South Korean copyright search engine

GongU Madang is a South Korean searchable database of digital items with either permissive or expired copyright. It is operated by the Korea Copyright Commission (KCC). It was established in December 2012, succeeding a predecessor that focused mainly on works with expired copyright that was established in either 2006 or 2007.

The works are available under various licenses, including the Korea Open Government License and various Creative Commons Licenses. Depending on the license, works can be used commercially or non-commercially. The website offers digital materials of a number of categories, including images, music, fonts, videos, and text. By December 2016, it had 432,383 photos, 44,472 texts, 136,585 artistic works, 3,282 musical works, and 624 videos. By 2020, there were 122 fonts on the site. It also offers a number of other materials, including PowerPoint templates and computer and mobile phone wallpapers. It received around 10,000 downloads across its materials in early 2007. In 2016, the total downloads were 2.81 million, with 9.68 million through its entire history. The website had a significant renovation in 2022. Searching the database also yields results from other databases as well.

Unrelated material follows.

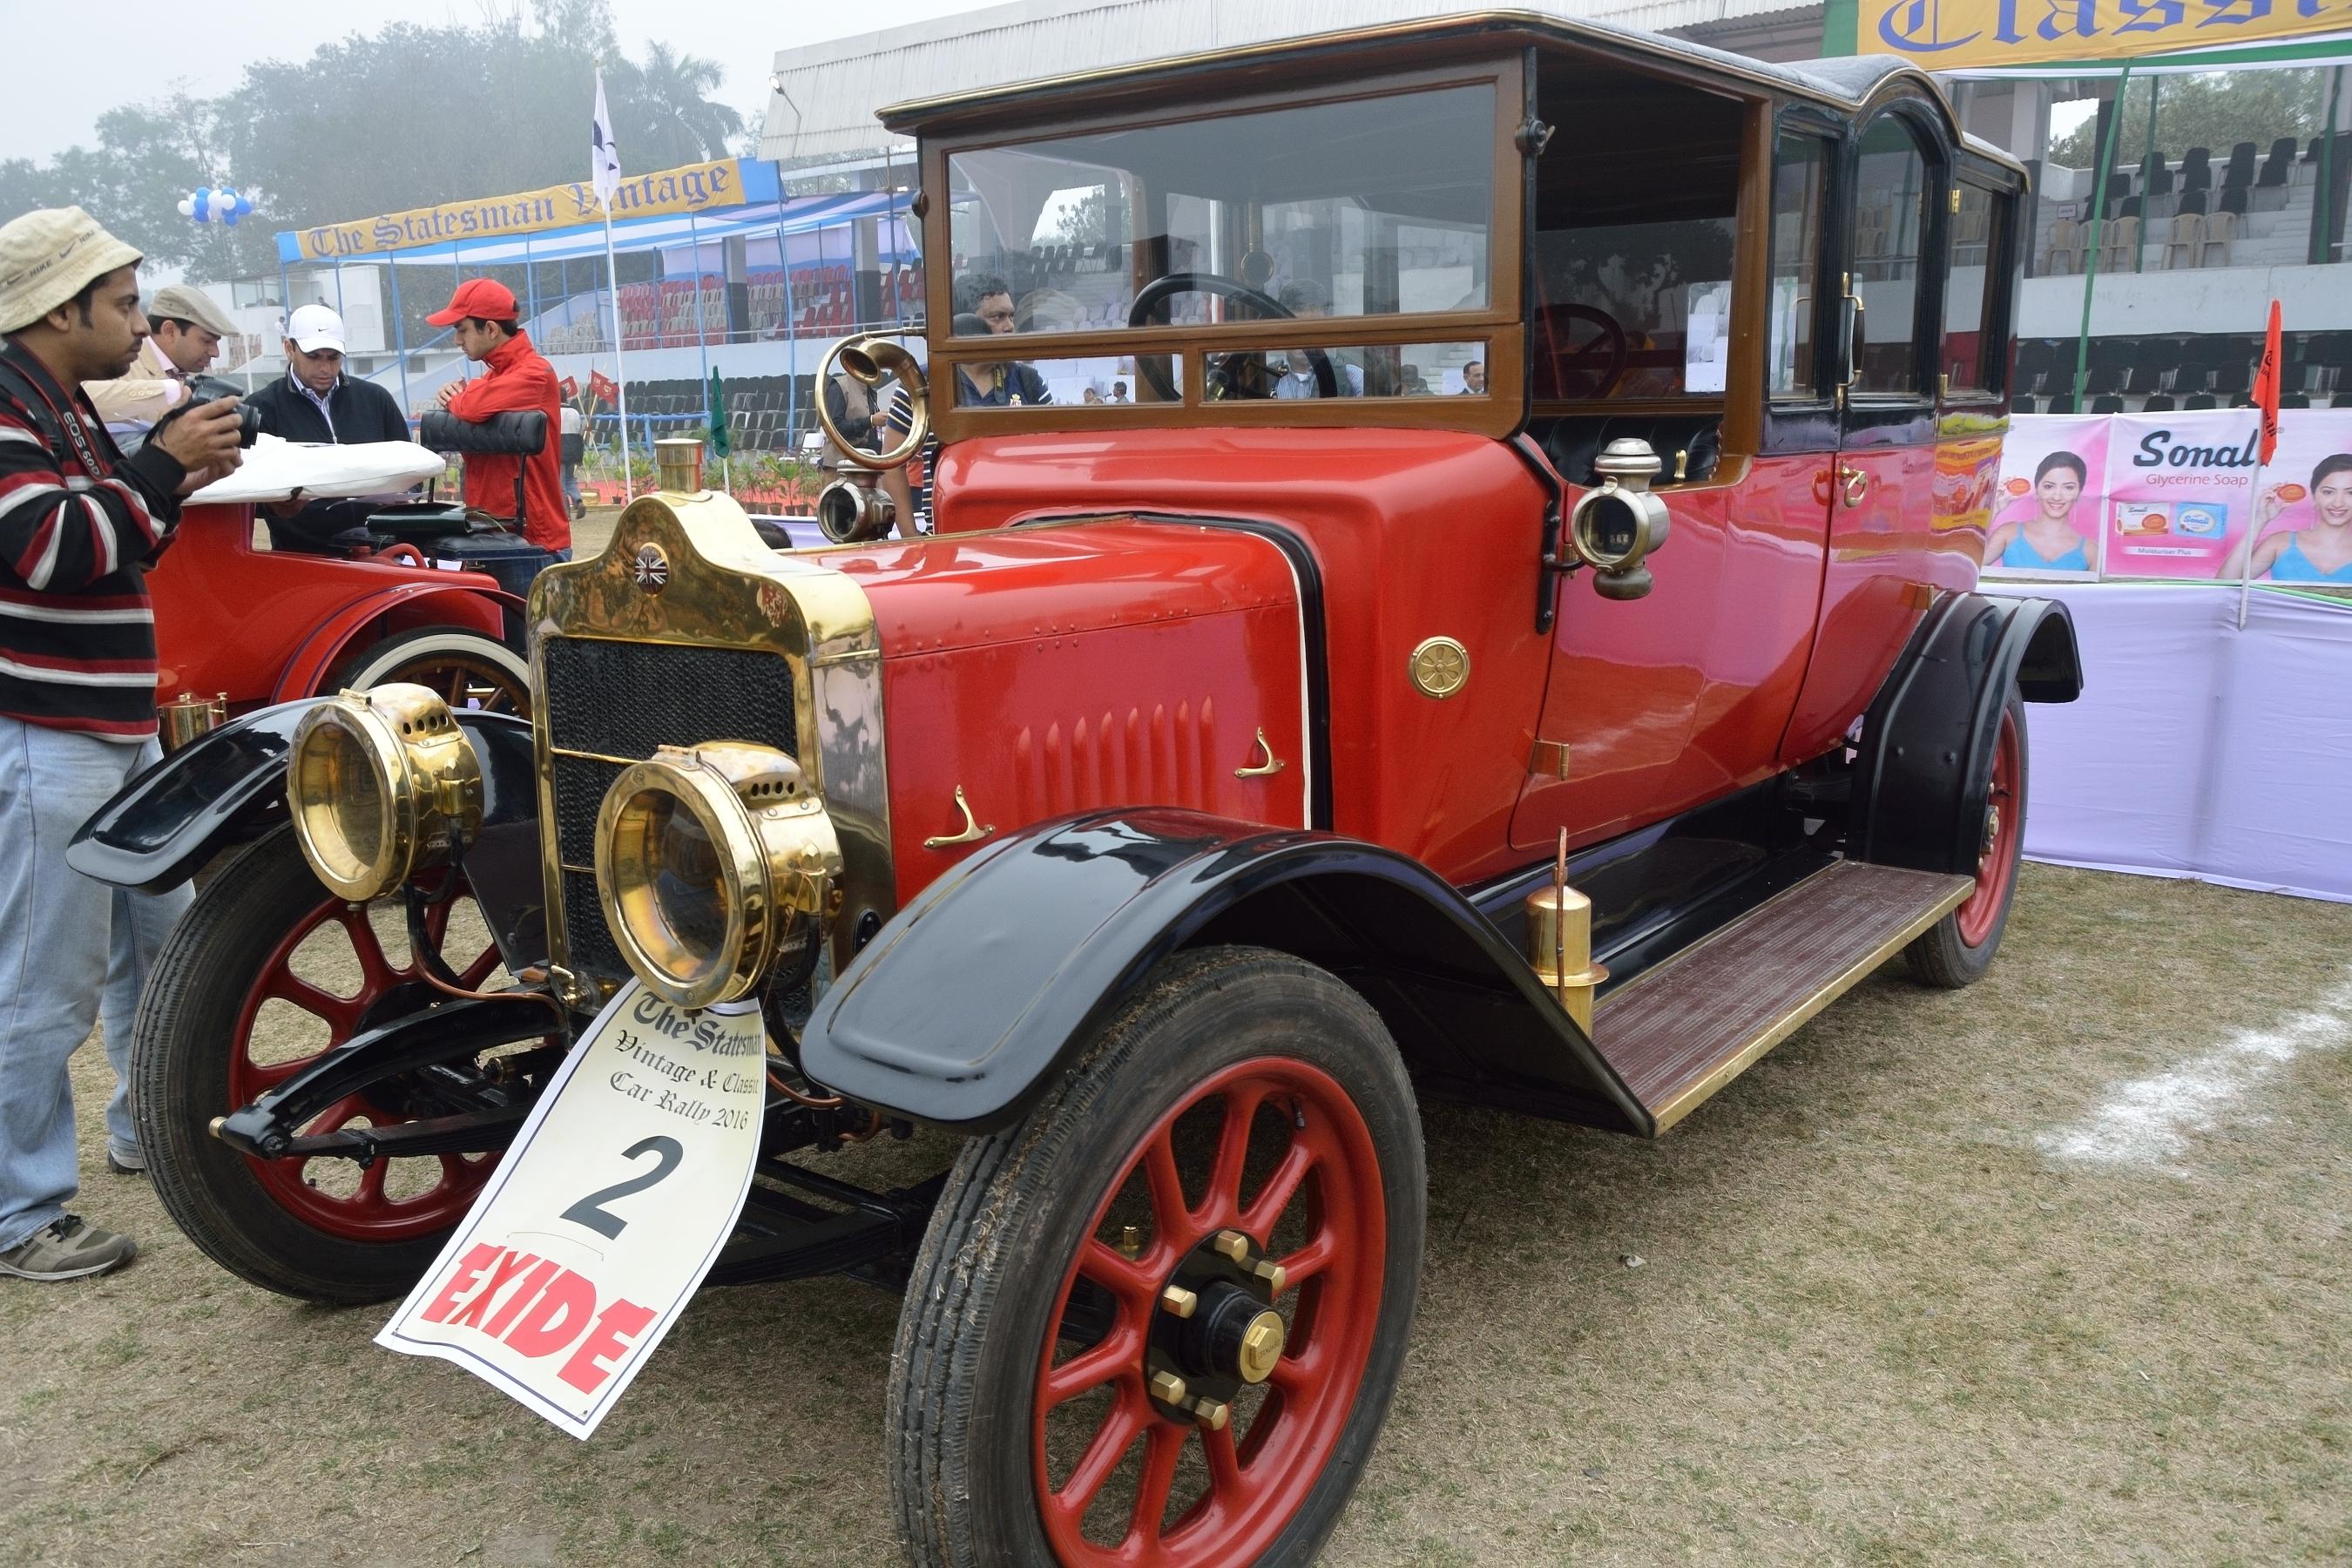 File:Vintage Car Rally 2016 04.jpg - Wikimedia Commons

The KCC has expressed the view that the platform is useful for schools and small businesses in Korea, and has taken steps to acquire or create materials especially for these groups. Examples of such materials include clip art and fonts for signs and menus. Reading materials were donated by companies such as Kyobo Book Centre. Some of the materials in the database were acquired by the KCC through negotiations or donations from various organizations and photographers. Some items were donated by famous artists. Some items are seasonal, such as Christmas jingles. Materials from the database have been used as training data for AI models.